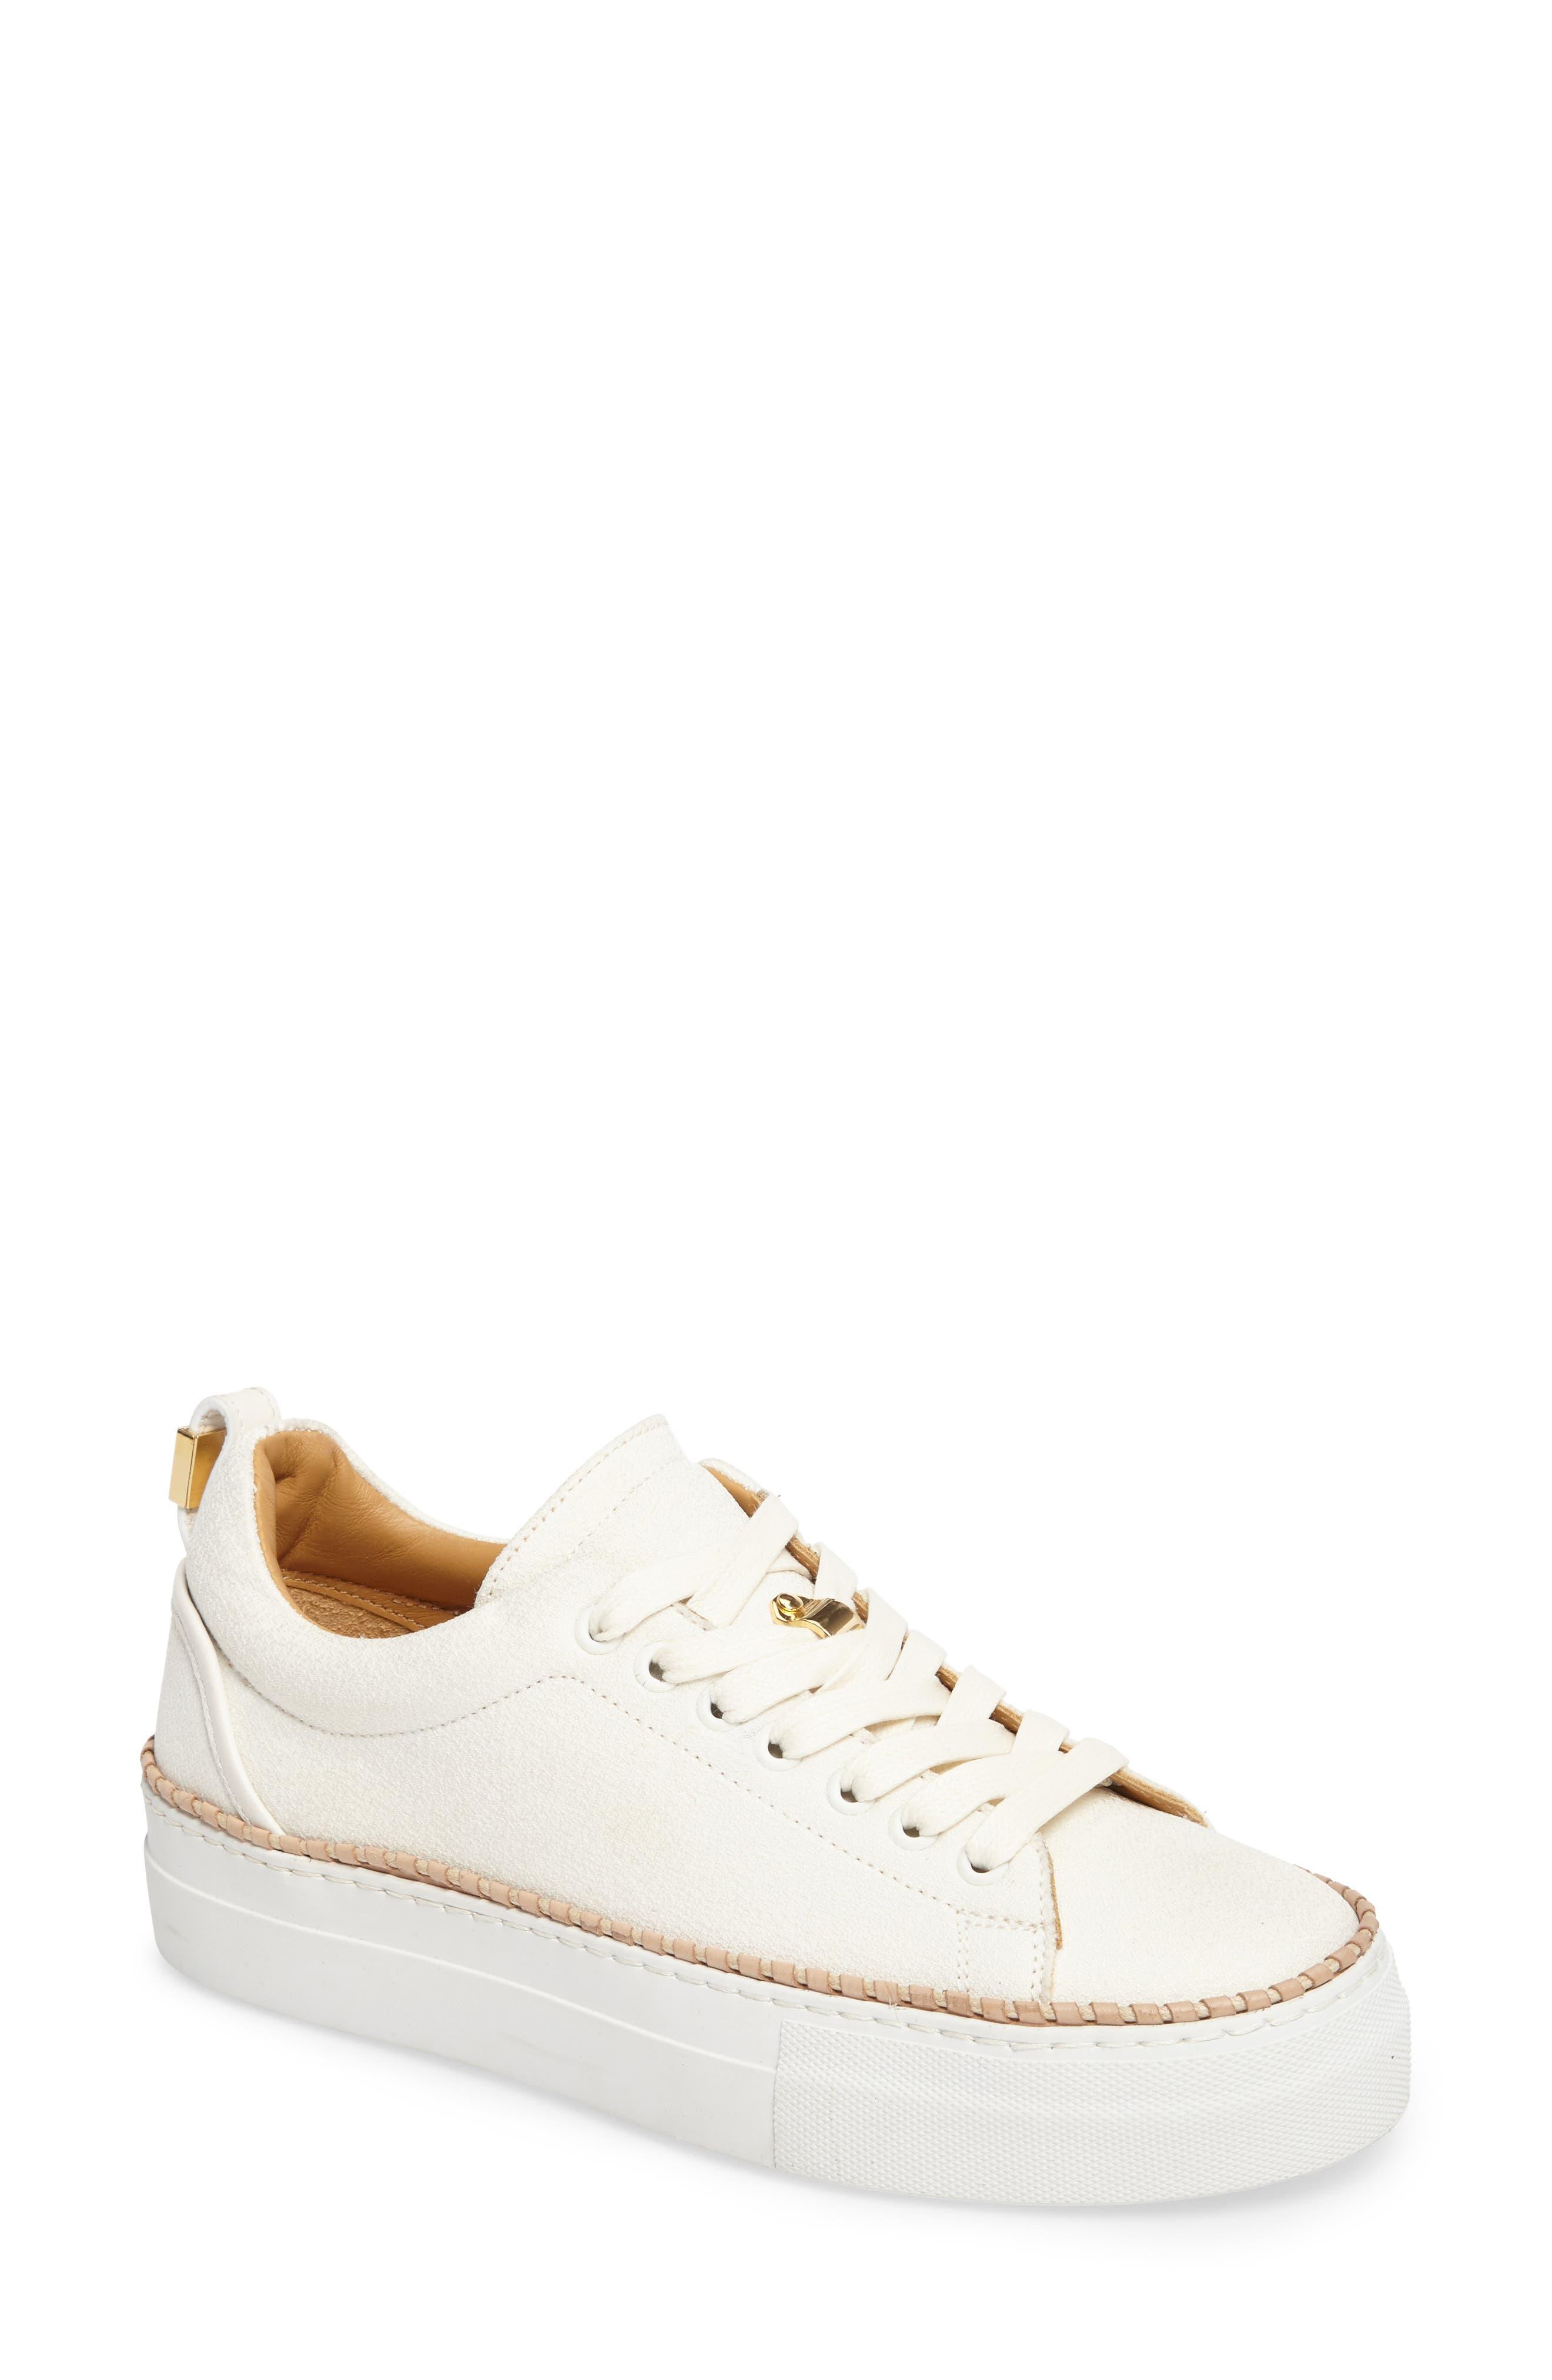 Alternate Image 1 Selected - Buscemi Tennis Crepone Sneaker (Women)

——

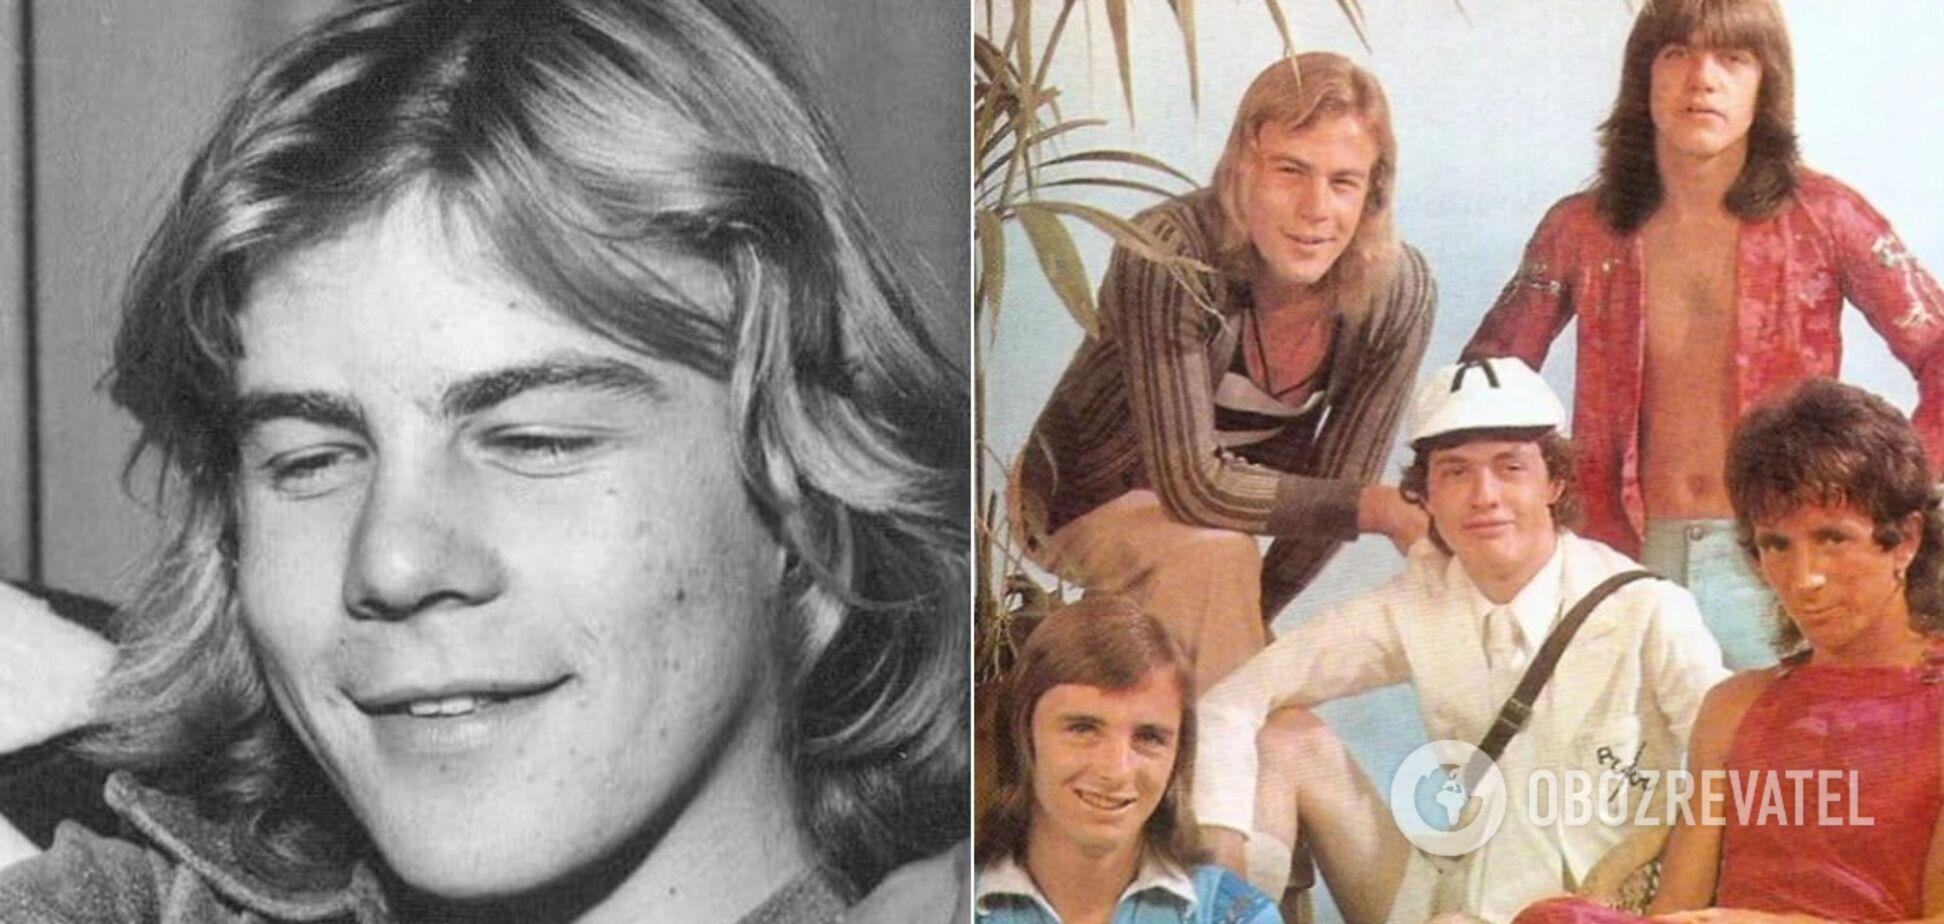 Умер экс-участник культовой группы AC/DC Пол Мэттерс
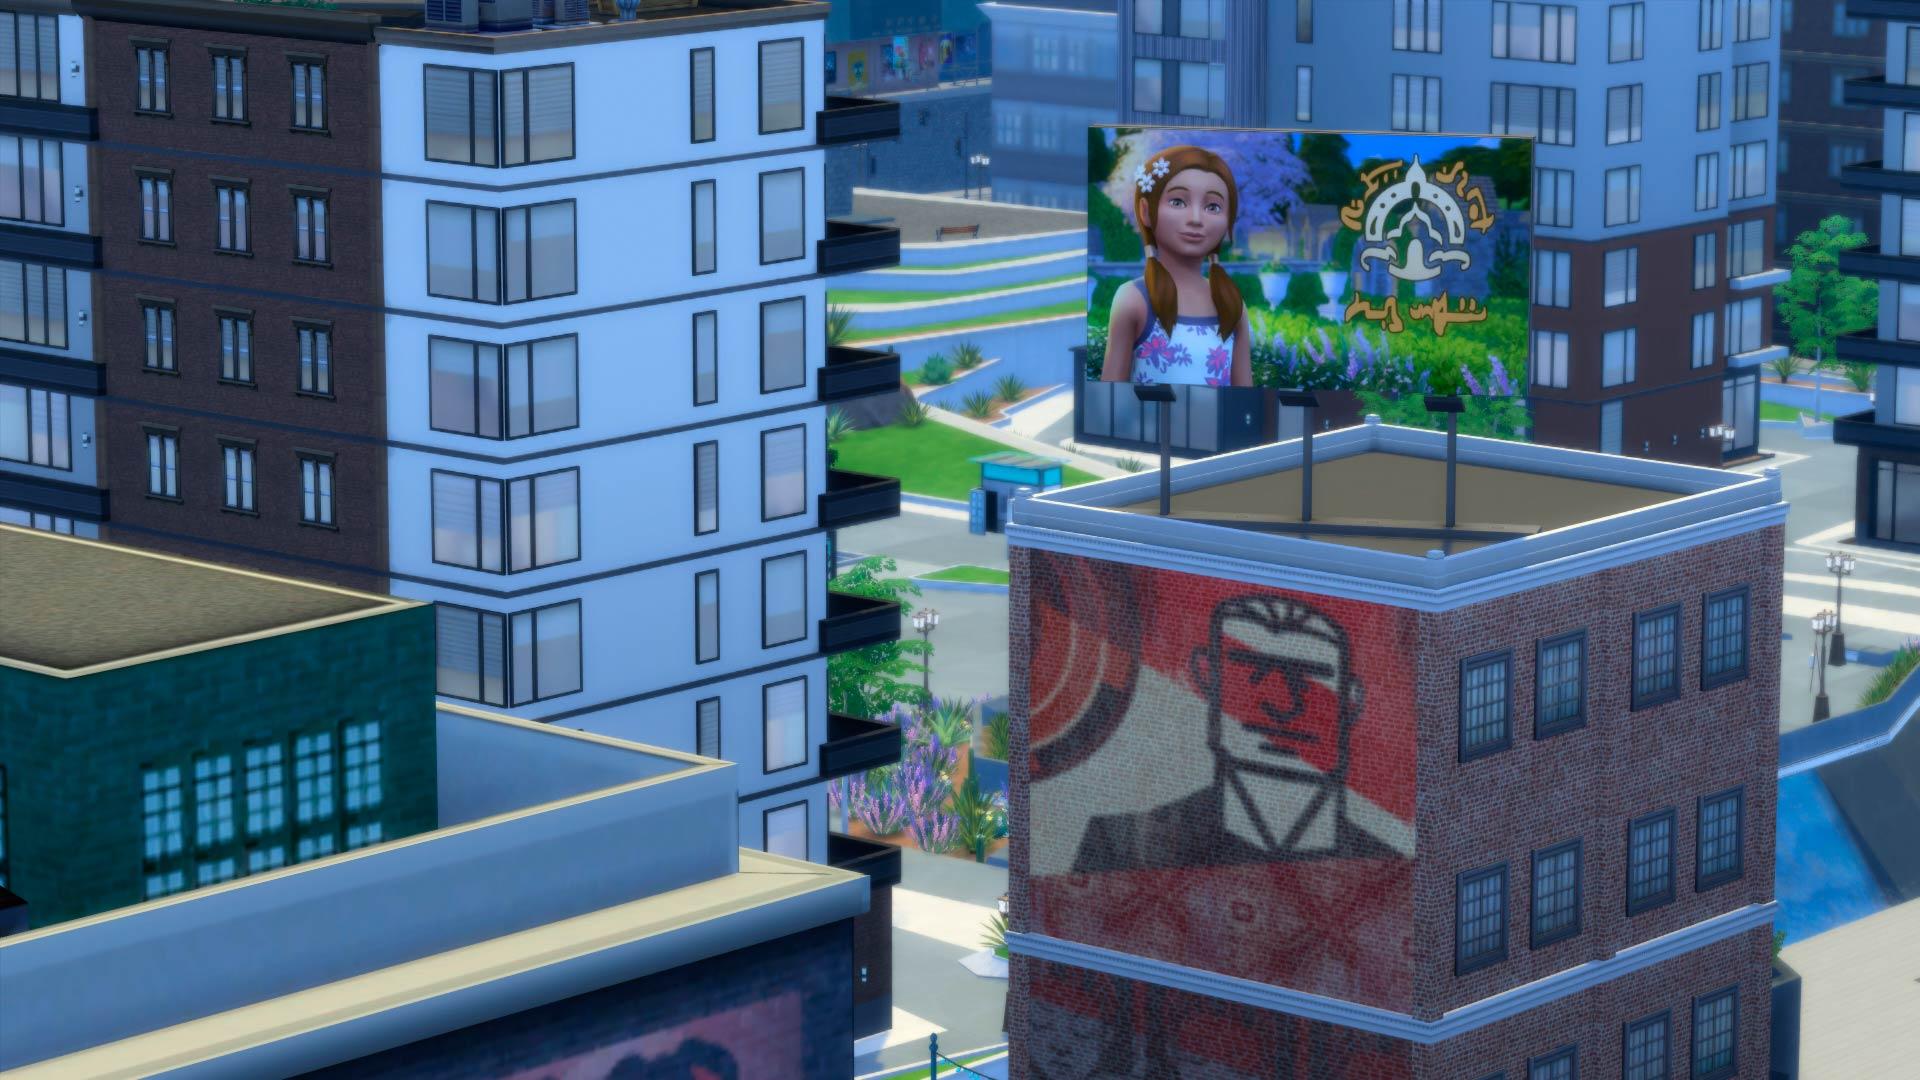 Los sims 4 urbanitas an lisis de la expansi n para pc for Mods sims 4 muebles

——

**EXERCISE**:
Given the listing above, retype only the span of lines from the line with "Умер экс-участник культовой" up to and including the line with "Los sims 4 urbanitas", exactly as it stands and without pictures.

**OUTPUT OF THE TASK**:
 Умер экс-участник культовой группы AC/DC Пол Мэттерс
 Los sims 4 urbanitas an lisis de la expansi n para pc for Mods sims 4 muebles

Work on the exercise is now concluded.